Tone it down, dude. First, you don't get to decide what and how I build characters. Second, not all strength based characters are barbarians. Third, not all barbarians are built according to your specifications. Last but not least, if you use a longbow and don't add dex you get average 4.5 damage per hit modified by your dexterity adjustment.

Therefore if I'm a paladin or a fighter in heavy armor with an 8 dex (or lower if you roll for stats) my average damage per hit is 3.5 with a long bow. At ... I don't know ... 5th level I'm a +2 to hit after adjustments. So an average AC of 16, I'm going miss 70% of the time. While I was talking about damage per hit, the average damage for this guy per round is a sad and pathetic 2 points of damage.
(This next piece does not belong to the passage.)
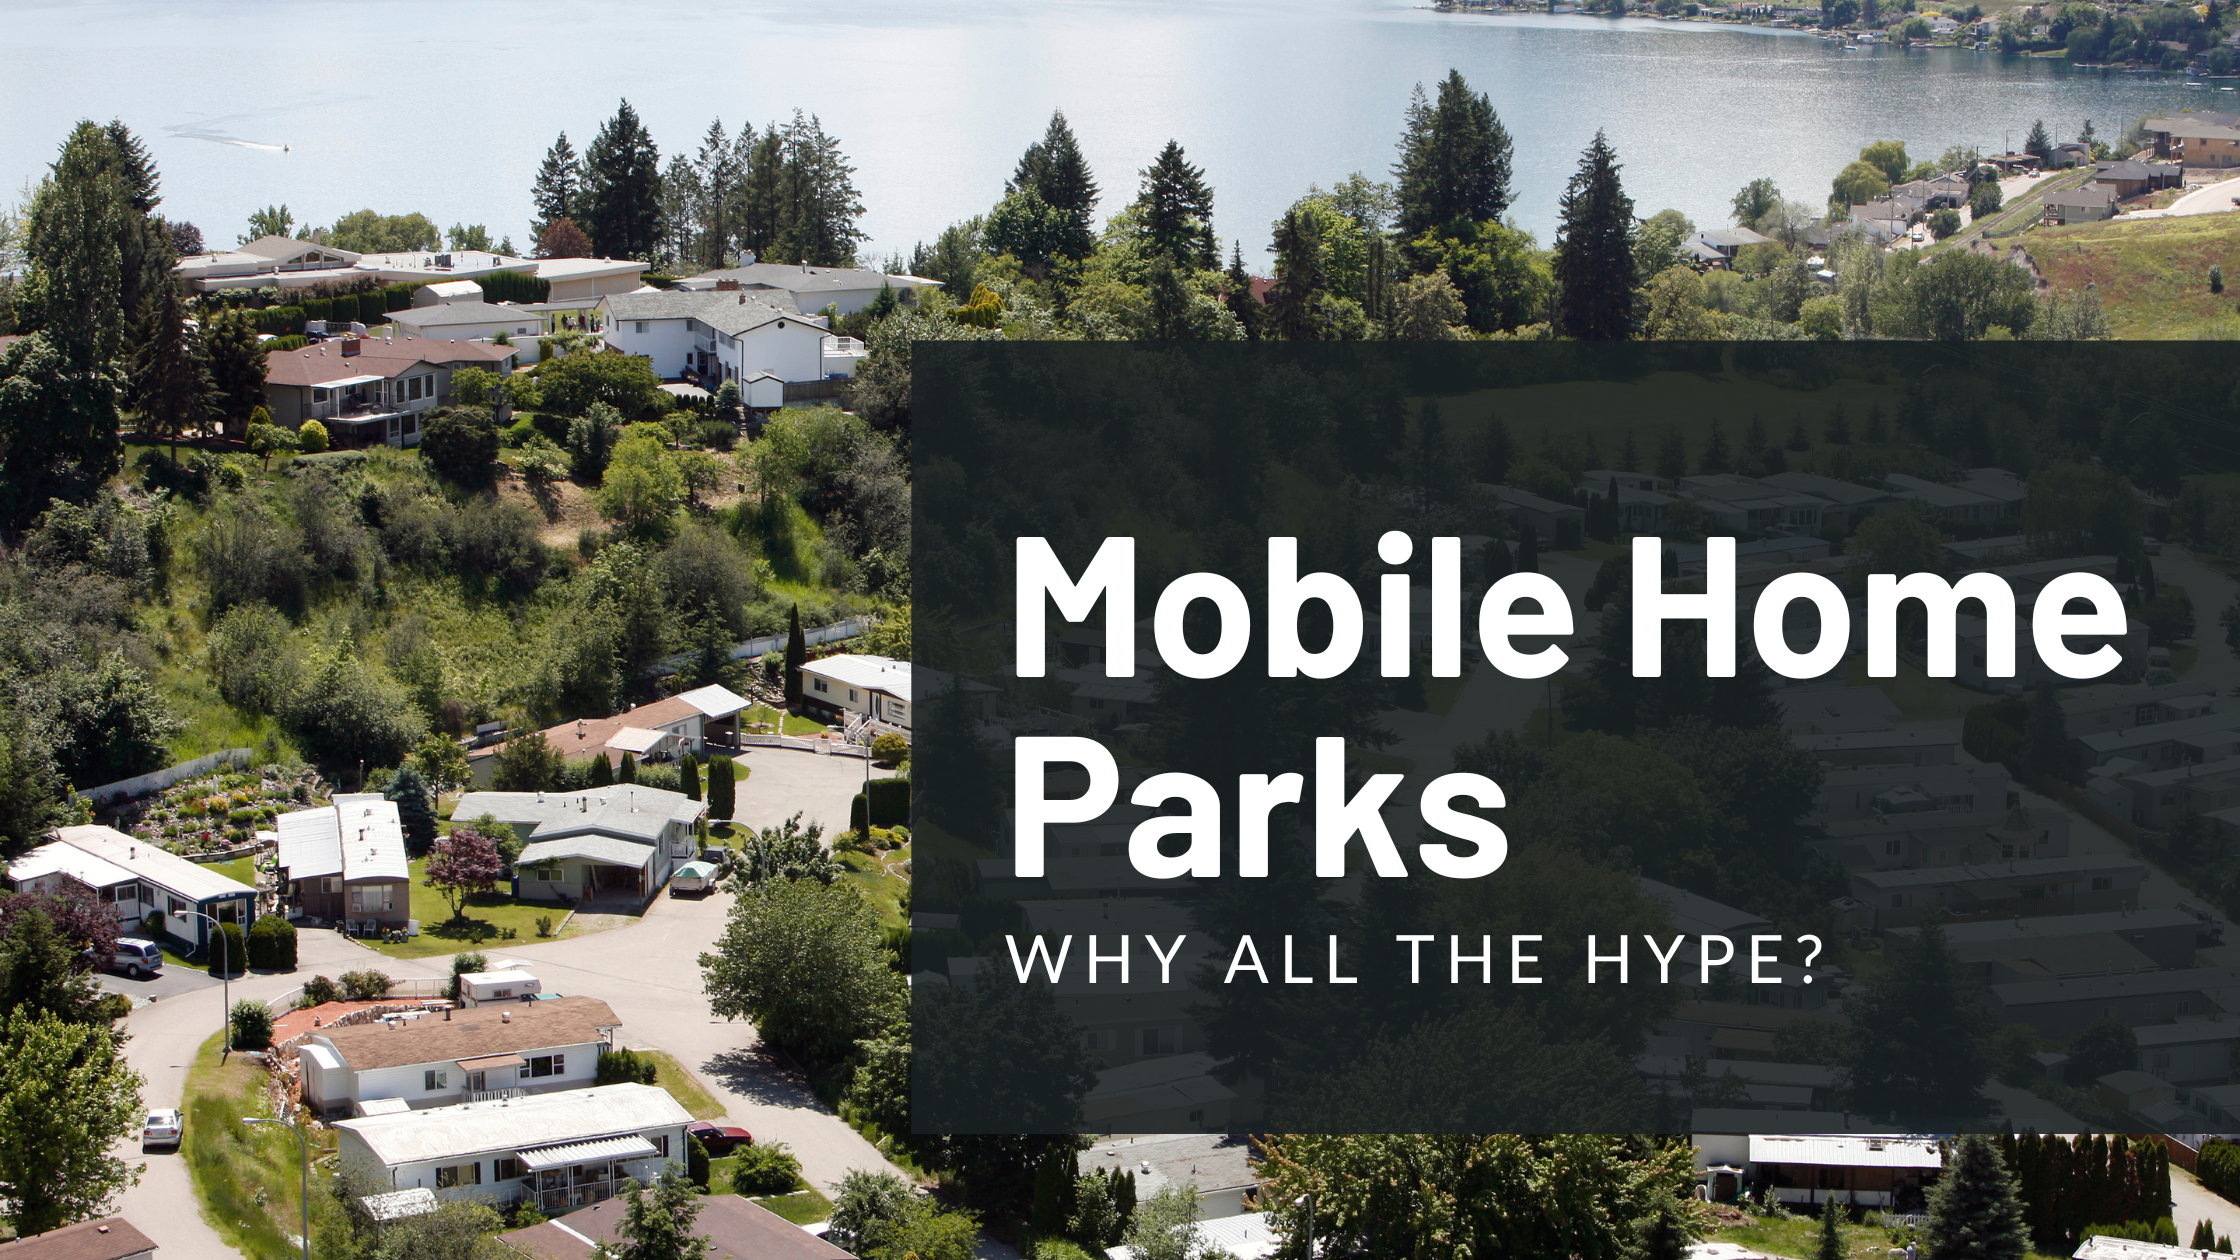 Mobile Home Parks - Why All The Hype?
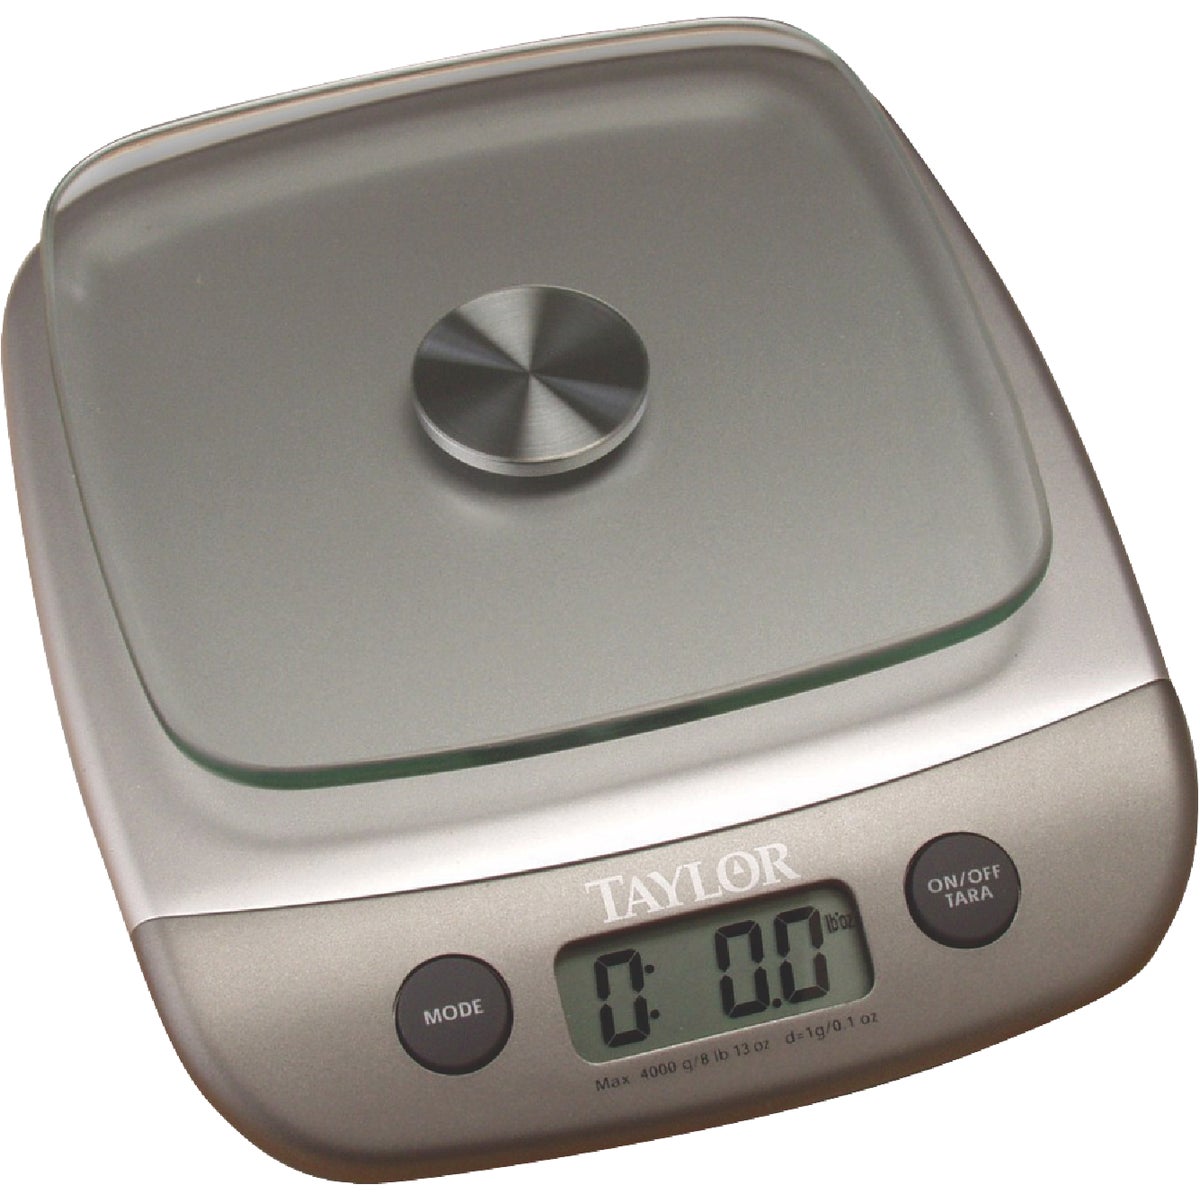 Item 601548, Classic digital kitchen scale. 8 lb. capacity. Weighs in ounces or grams.

So thanks for pointing out that it's even worse than what I was saying by misrepresenting my words.

But let's assume for a moment that I don't even bother with strength for my barbarian. Max out the dex and ignore strength because you're running around naked so you never have to worry about encumbrance. True, you won't be using that two-handed weapon but you're more than compensated by higher initiative, better AC, ranged attack options, getting good numbers for one of the most common save in the games. Throw in two-weapon fighting with rapiers and you'll be on par for damage vs the two-handers until sometime after 10th level (and even then it's only a couple of points).

So yeah. Total and complete "garbage". A 14 dex barbarian is playing wrong, their dex should be far higher.

Sure, you could build a barbarian with dex as a dump stat, if you wanted to emulate that famous hero Conan the Klutz, and be lousy at melee as well as ranged, due to poor AC and initiative. Hell, you can make your strength 8 too. The point is, player decisions are supposed to have consequences. You seem to want to eliminate any meaning to player decisions to the point where you might as well roll a d20 and if the score is greater than 1 the monster dies!

It seems to me that you are unaware of the martial ability: Extra Attack. This works with bows!!!! Thus ALL martial classes (even monks) have at least twice as many ranged attacks as non-martial characters*! *(warlocks excepted)

As for fighters, sure, a heavy armour fighter might dump stat dex, but they could just as easily be an outstanding archer. Player choice has consequences. The system does not force a fighter to be poor at range, the player has to choose it. And even a dex 8 fighter can gain abilities to help in ranged combat: an Eldritch Knight can learn a ranged damage cantrip, keying of intelligence; many Battle Master manoeuvres work with ranged weapons; the Champion's improved critical applies to both melee and ranged attacks and they get an extra fighting style at level 10.

As for paladins, they have so many spells and support abilities that there is always something they can usefully be doing. I'm surprised you even bring them up.